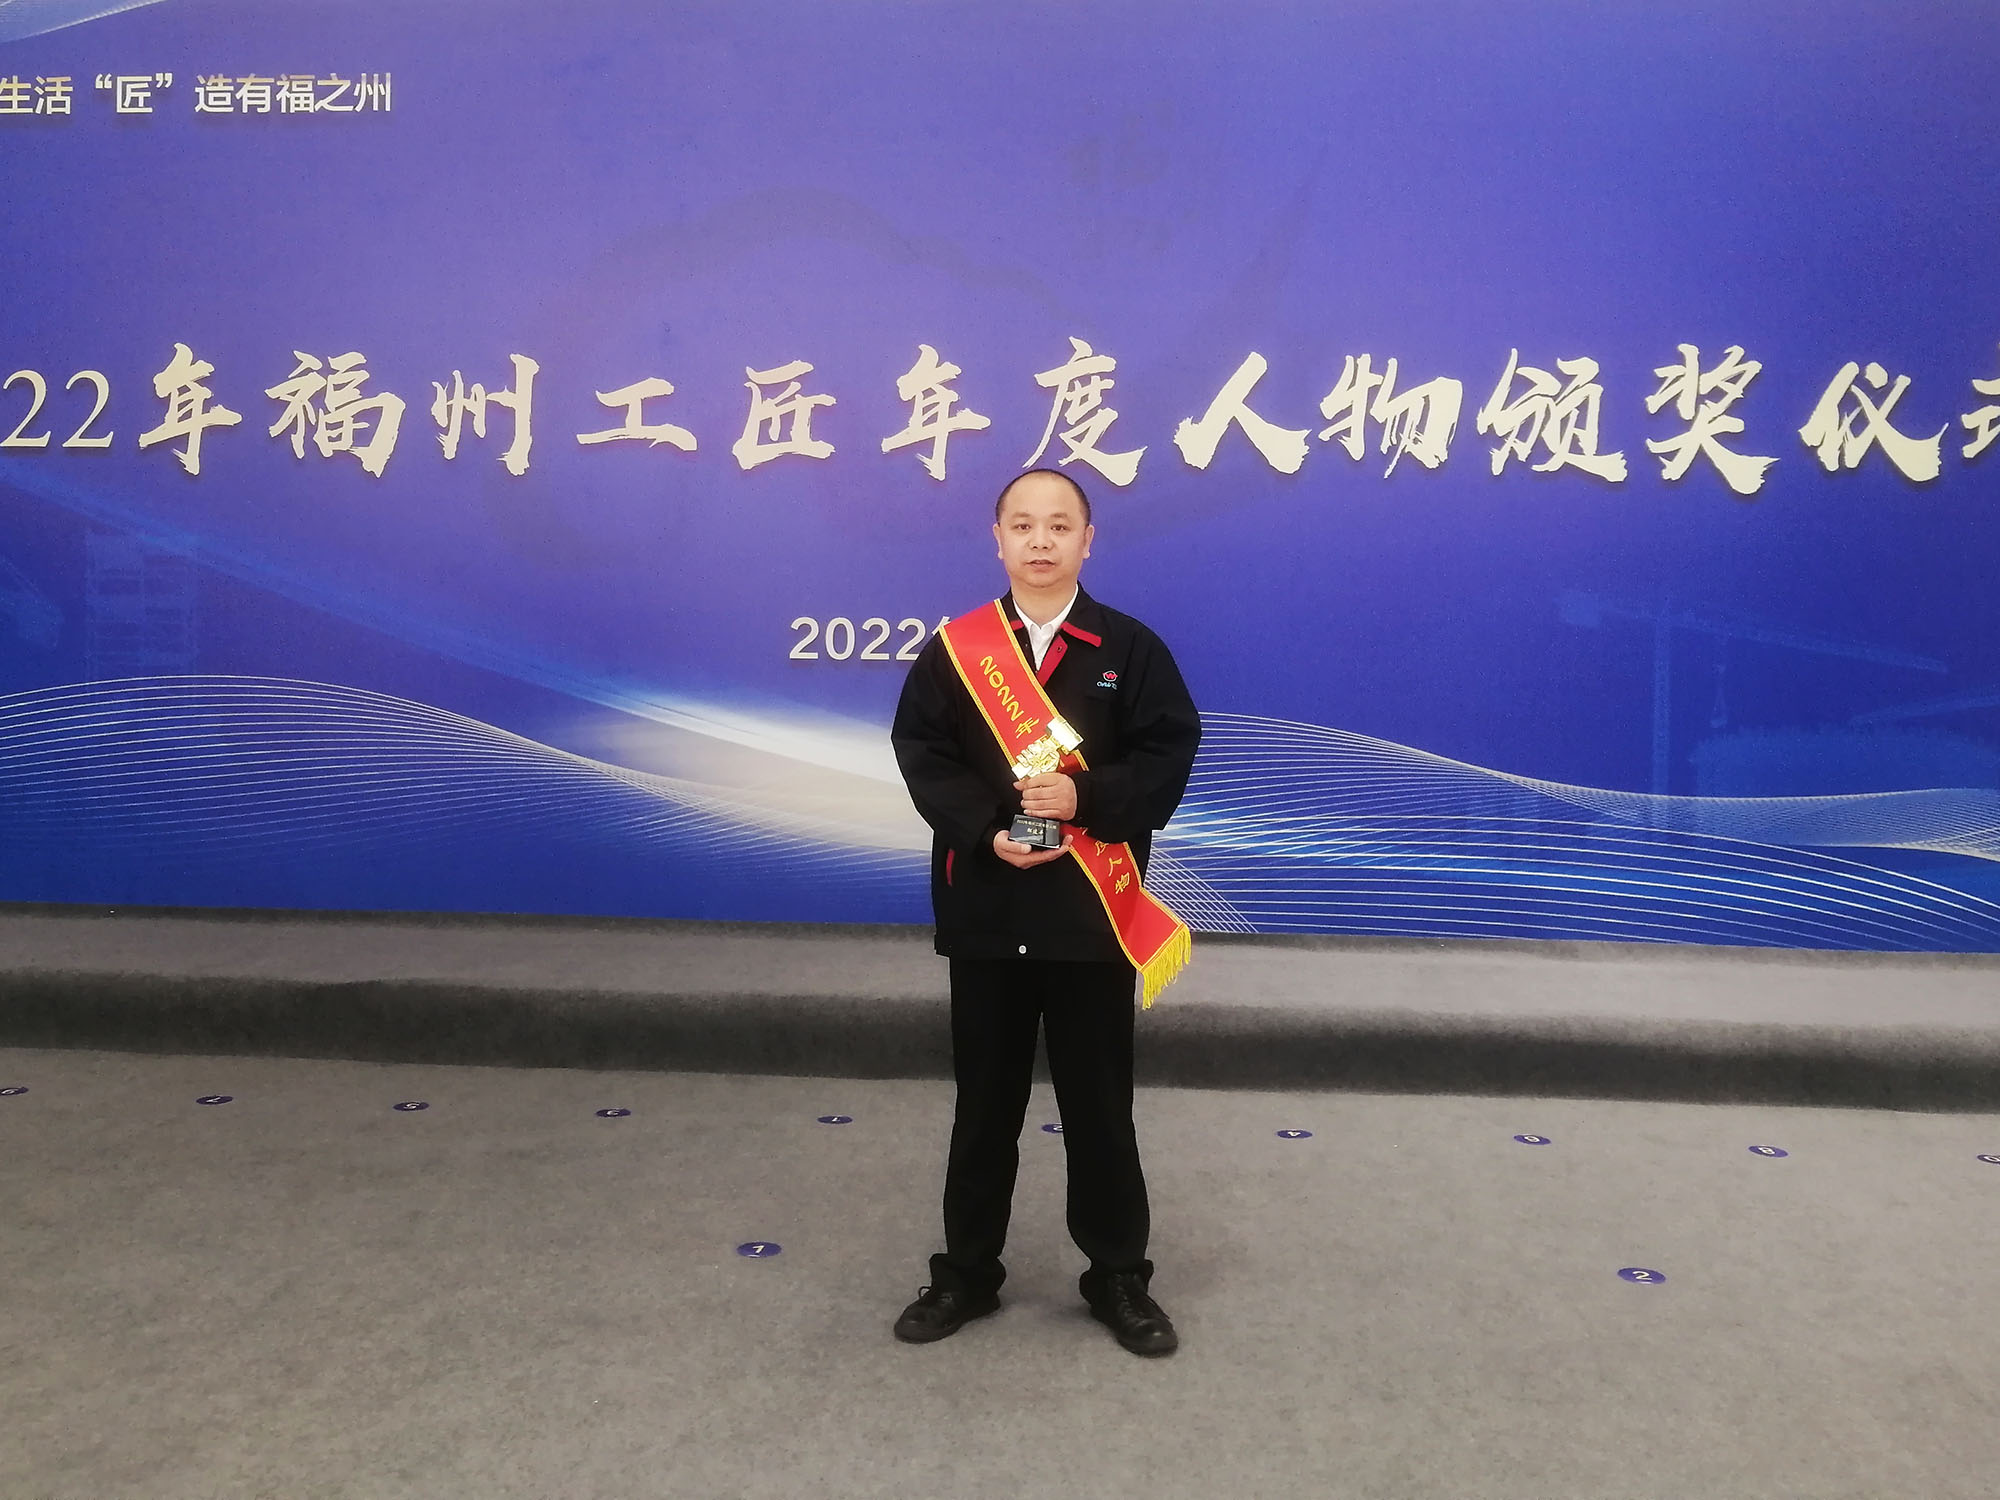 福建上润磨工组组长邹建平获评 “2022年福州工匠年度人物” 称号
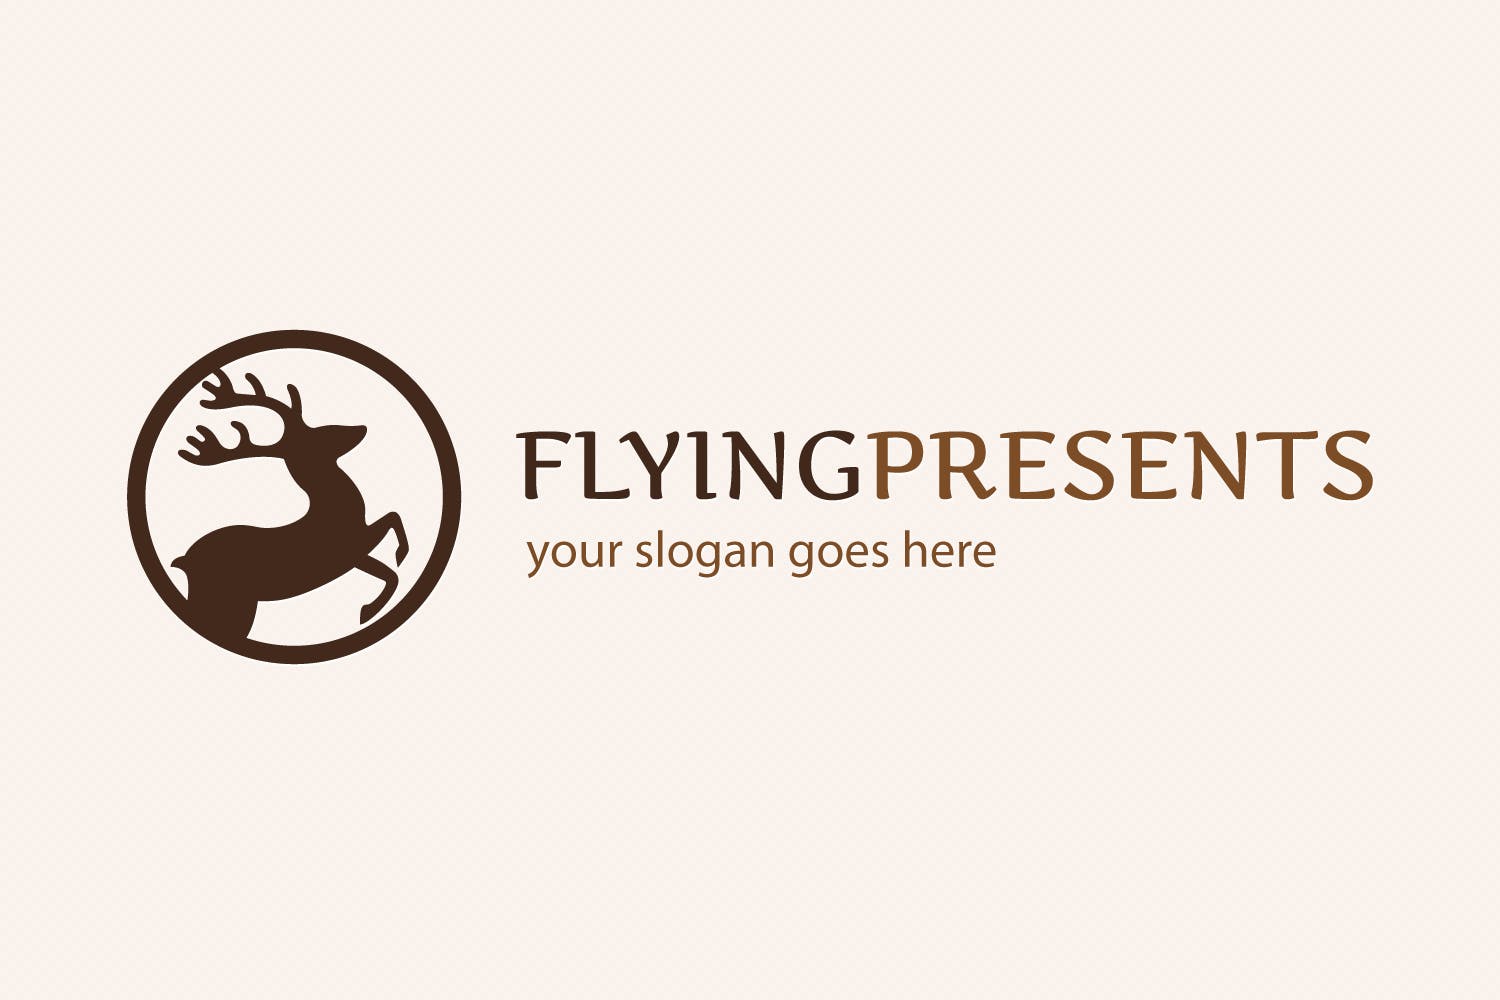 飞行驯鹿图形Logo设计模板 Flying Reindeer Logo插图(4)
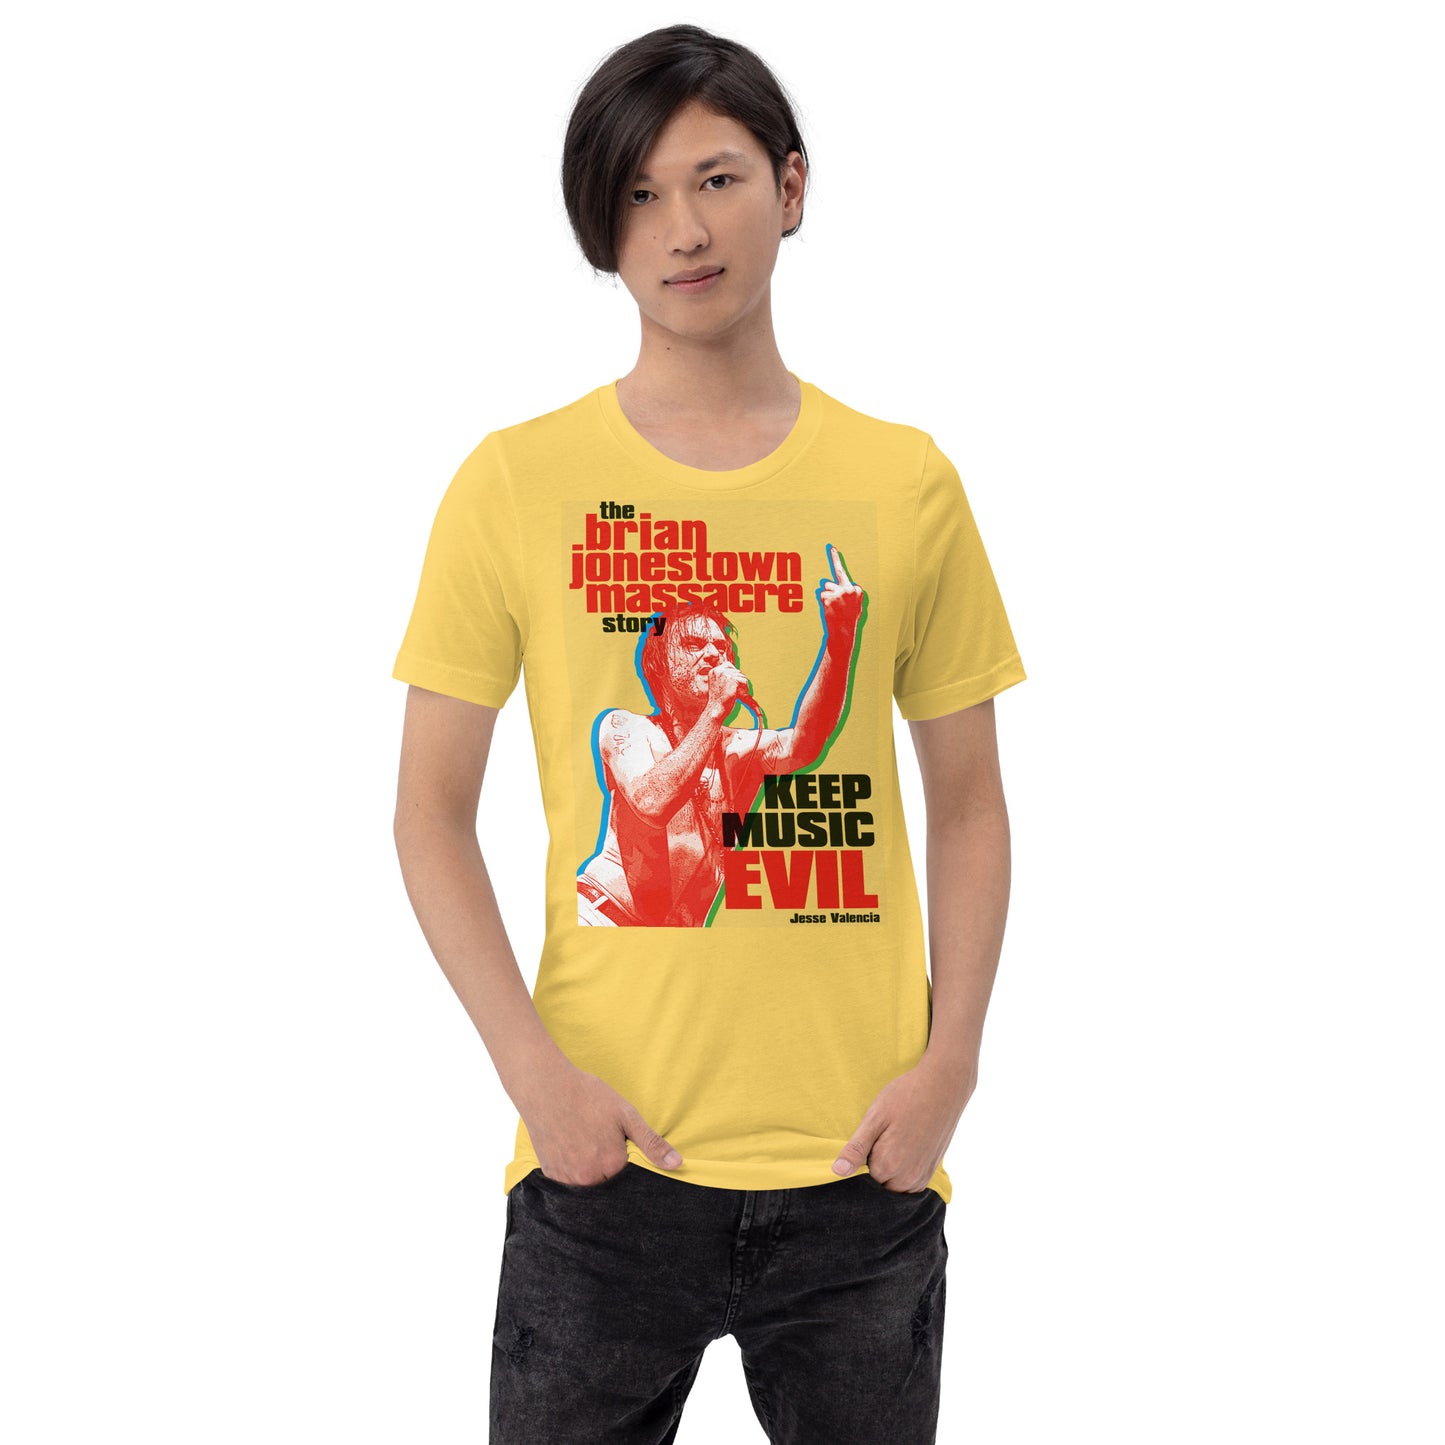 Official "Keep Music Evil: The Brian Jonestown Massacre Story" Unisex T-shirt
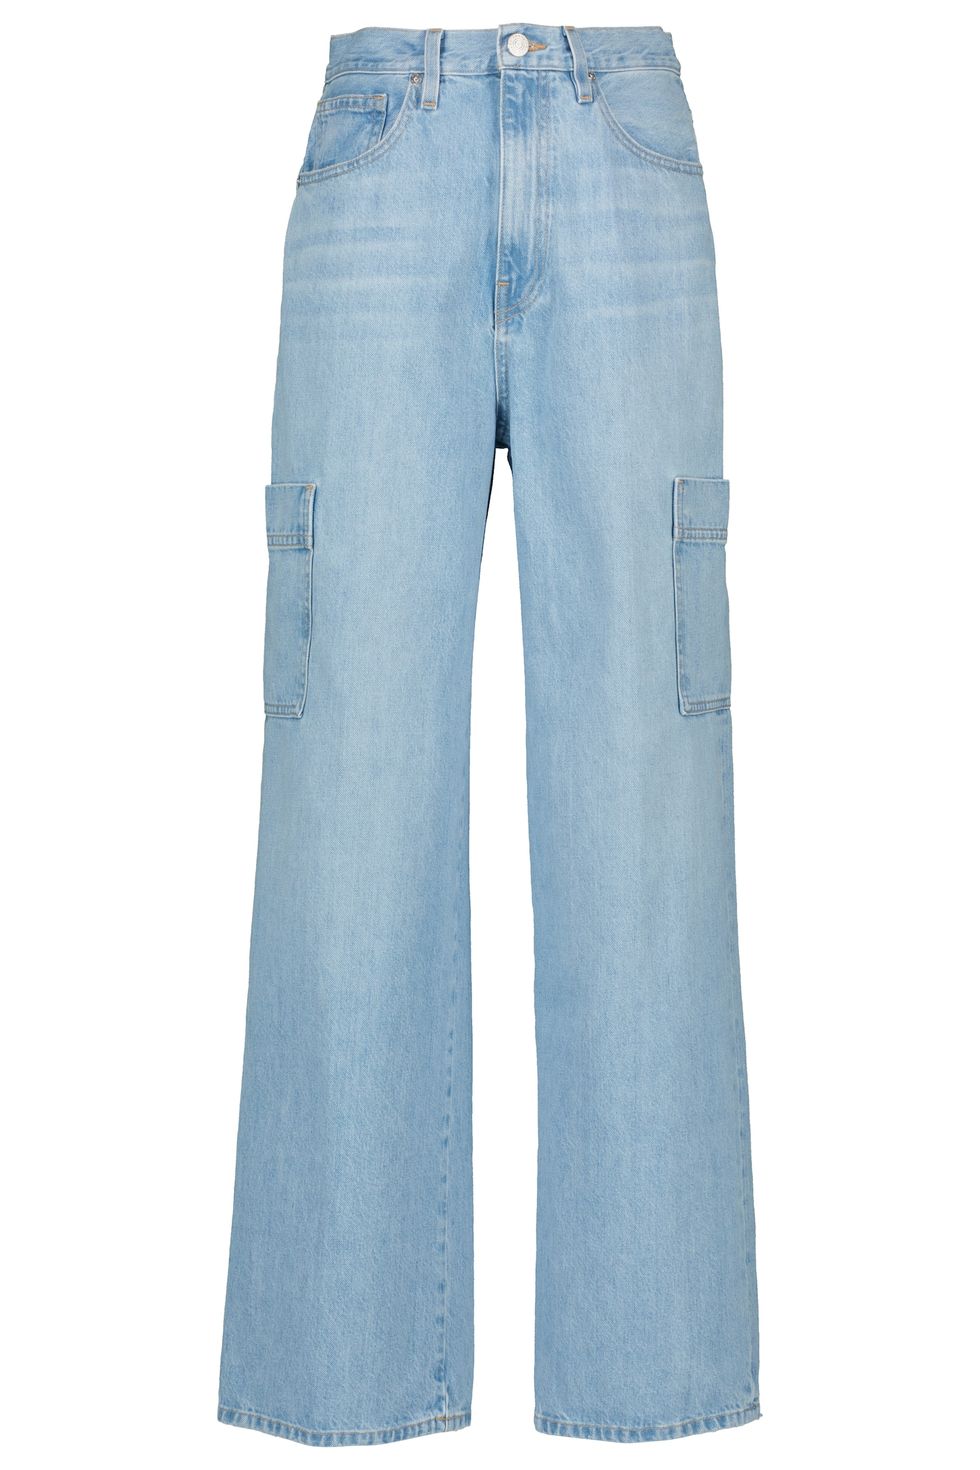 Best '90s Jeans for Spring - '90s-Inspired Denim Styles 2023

ABOUT THIS EXERCISE — Instruction for this listing: copy it exactly, but leave the images behind.

YOUR RESPONSE —
 福建上润磨工组组长邹建平获评 “2022年福州工匠年度人物” 称号
 飞行驯鹿图形Logo设计模板 Flying Reindeer Logo插图(4)
 Official "Keep Music Evil: The Brian Jonestown Massacre Story" Unisex T-shirt
 Best '90s Jeans for Spring - '90s-Inspired Denim Styles 2023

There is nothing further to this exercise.